Setting Up the Master VM on the Cloud Service

Set up the Master instance for starBLAST-HPC by following the same steps as for StarBLAST-Docker, but without adding the Master deployment script. Additionally, BLAST databases need to be loaded manually onto the <DATABASE>/ folder.

Once the VM is running, access it through ssh or by using the Web Shell (“Open Web Shell” button on your VM’s page).

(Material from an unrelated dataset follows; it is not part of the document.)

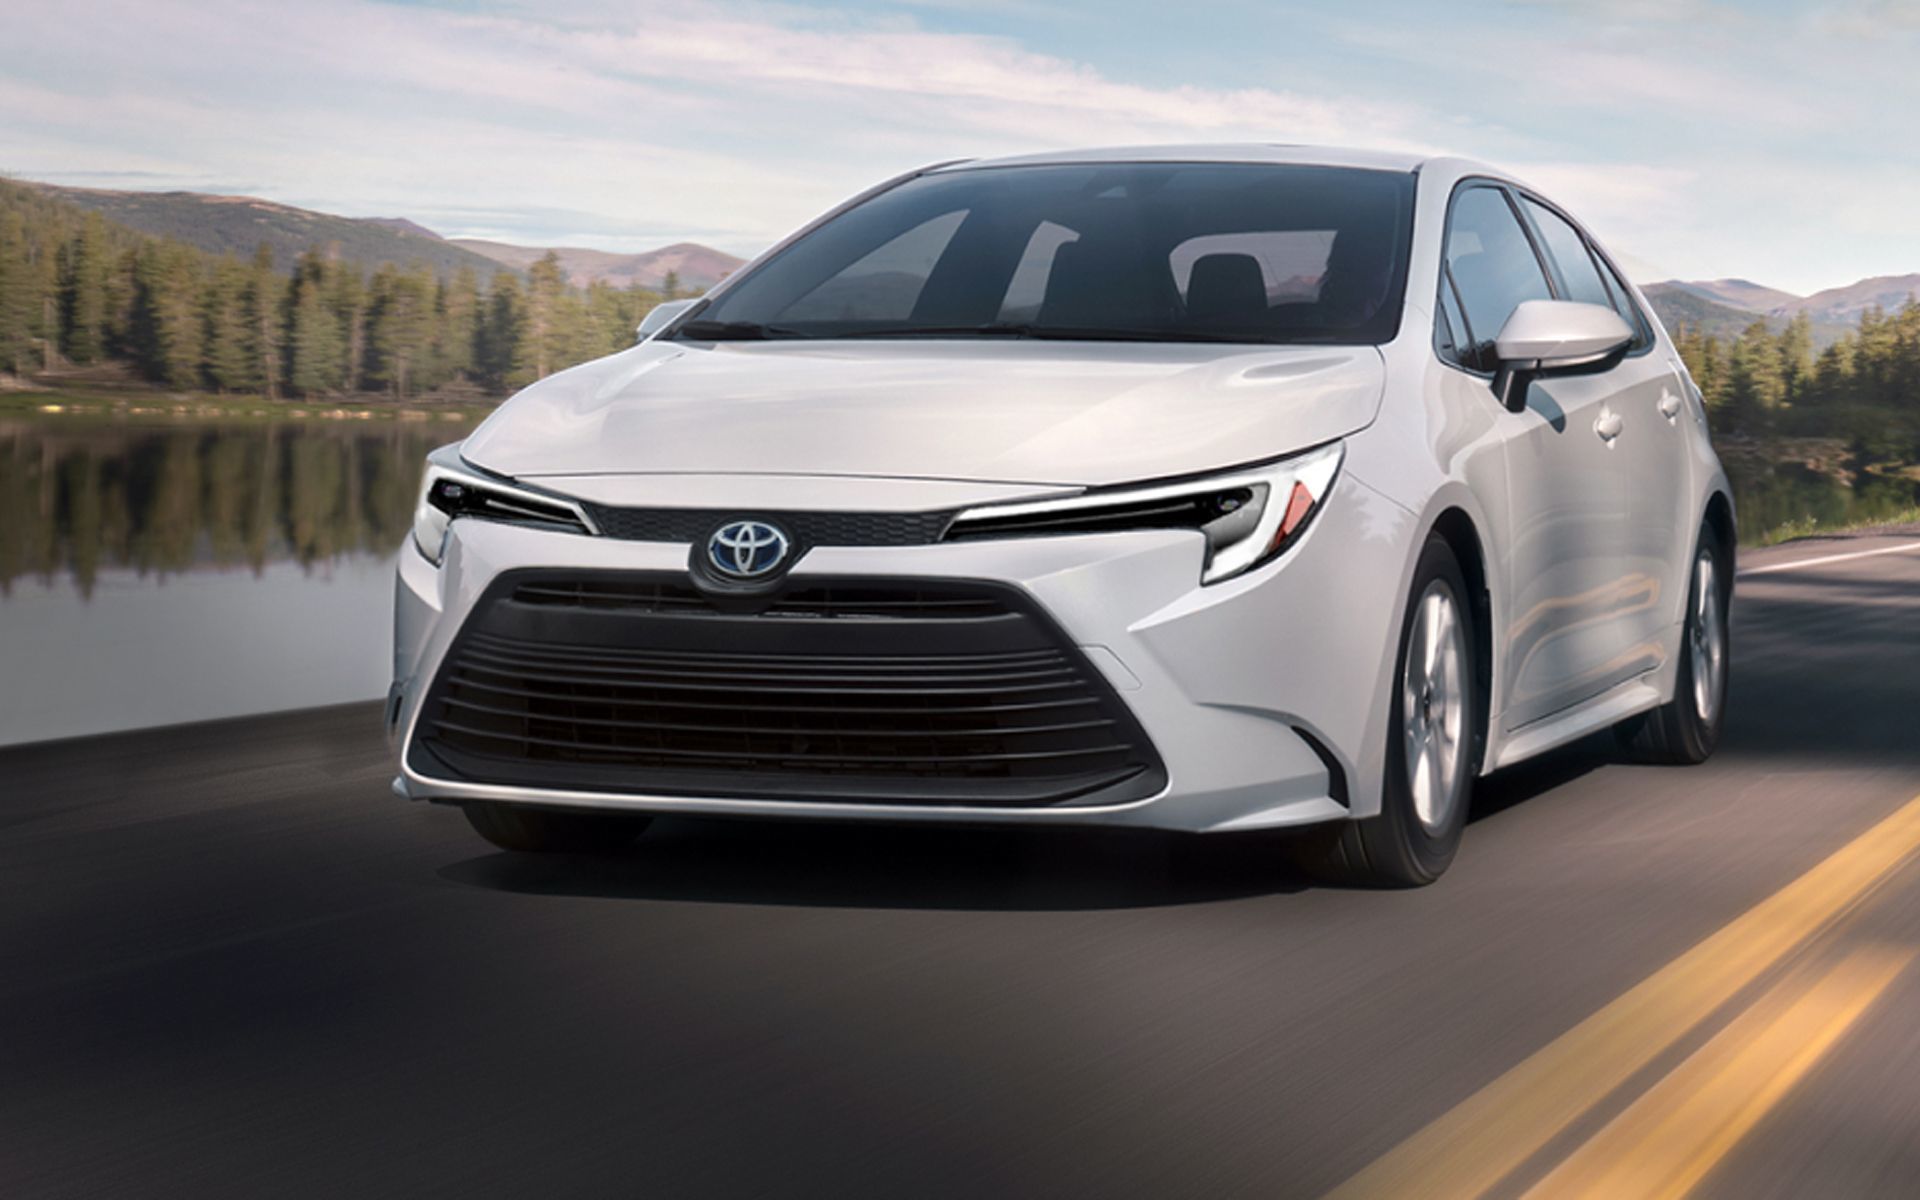 Toyota's approach to becoming carbon neutral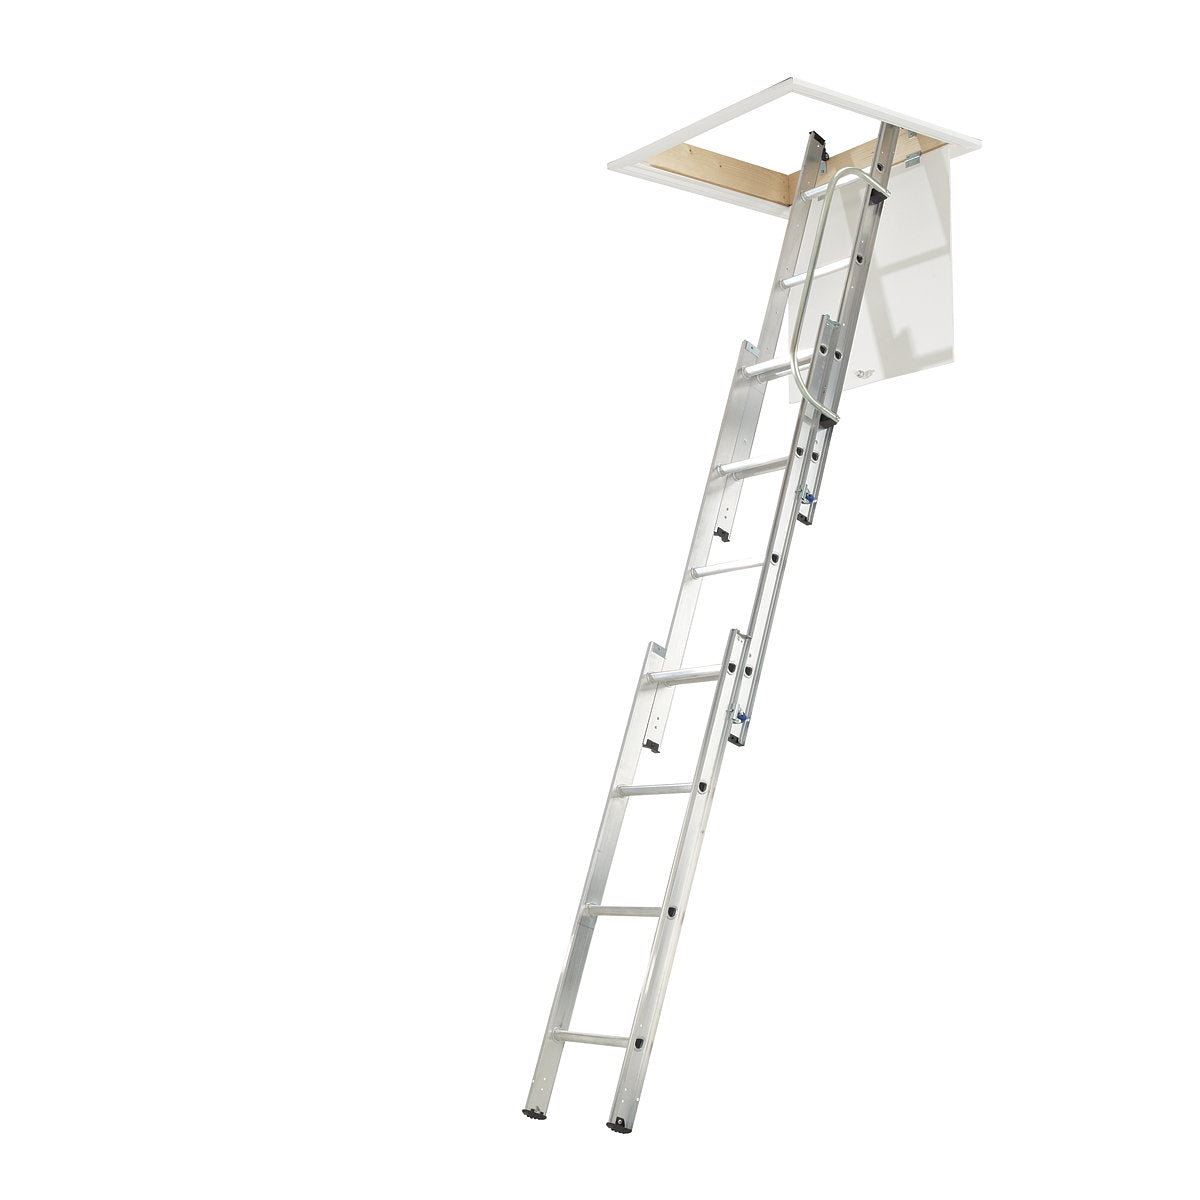 Werner - Loft Ladder With Handrail 3 Section

Once inside follow the next steps.

Note

IMPORTANT: THE PATH TO THE DATABASE ON THE MASTER NEED TO BE THE SAME AS THE ONE ON THE WORKER

1. Ensure the databases on both the Master VM and Worker HPC are in the same directory. On the Worker HPC go to the <DATABASE>/ directory and do

pwd

Then, on your Master VM, create the directory with the same path output above

mkdir -p SAME/PATH/TO/HPC/DATABASE/DIRECTORY/

2. Now the <DATABASE>/ directories have been set up to contain the desired databases. You can use the same databases preset for StarBLAST-Docker or make your own from a .fasta (or .fa, .faa, .fna) file using BLAST+’s makeblastdb referenced in StarBLAST-VICE. Both require iRODS (JetStream comes with iRODS pre-installed) and a CyVerse account.

Access iRODS using:

iinit

You will be prompted to connect to the CyVerse with:

host name (DNS): data.cyverse.org
port #: 1247
username: <CyVerse_ID>
zone: iplant
password: <CyVerse_password>

3. Once connected, retreive and move the databases to your <DATABASE>/ folder (shown for preset):

iget -rKVP /iplant/home/cosimichele/200503_Genomes_n_p
mv GCF_* /DATABASE/DIRECTORY/

4. Move the databases to the HPC using either sftp or the steps as above if your HPC system has iRODS.

5. Use this code within the Master instance to launch sequenceServer:

docker run --rm --name sequenceserver-scale -p 80:3000 -p 9123:9123 -e PROJECT_NAME=<PROJECT_NAME> -e WORKQUEUE_PASSWORD=<PASSWORD> -e BLAST_NUM_THREADS=<N THREADS> -e SEQSERVER_DB_PATH="/home/<U_NUMBER>/<USER>/<DATABASE_DIRECTORY>" -v /DATABASE/ON/MASTER:/DATABASE/ON/WORKER zhxu73/sequenceserver-scale:no-irods

An example is:

docker run --rm --name sequenceserver-scale -p 80:3000 -p 9123:9123 -e PROJECT_NAME=starBLAST -e WORKQUEUE_PASSWORD= -e BLAST_NUM_THREADS=2 -e SEQSERVER_DB_PATH="/home/u12/cosi/DATABASE" -v /home/u12/cosi/DATABASE:/home/u12/cosi/DATABASE zhxu73/sequenceserver-scale:no-irods

Note

The custom Database folder on the Master needs to have read and write permissions

Start BLASTING! Now anyone can enter the <MASTER_IP_ADDRESS> in their browser to access SequenceServer.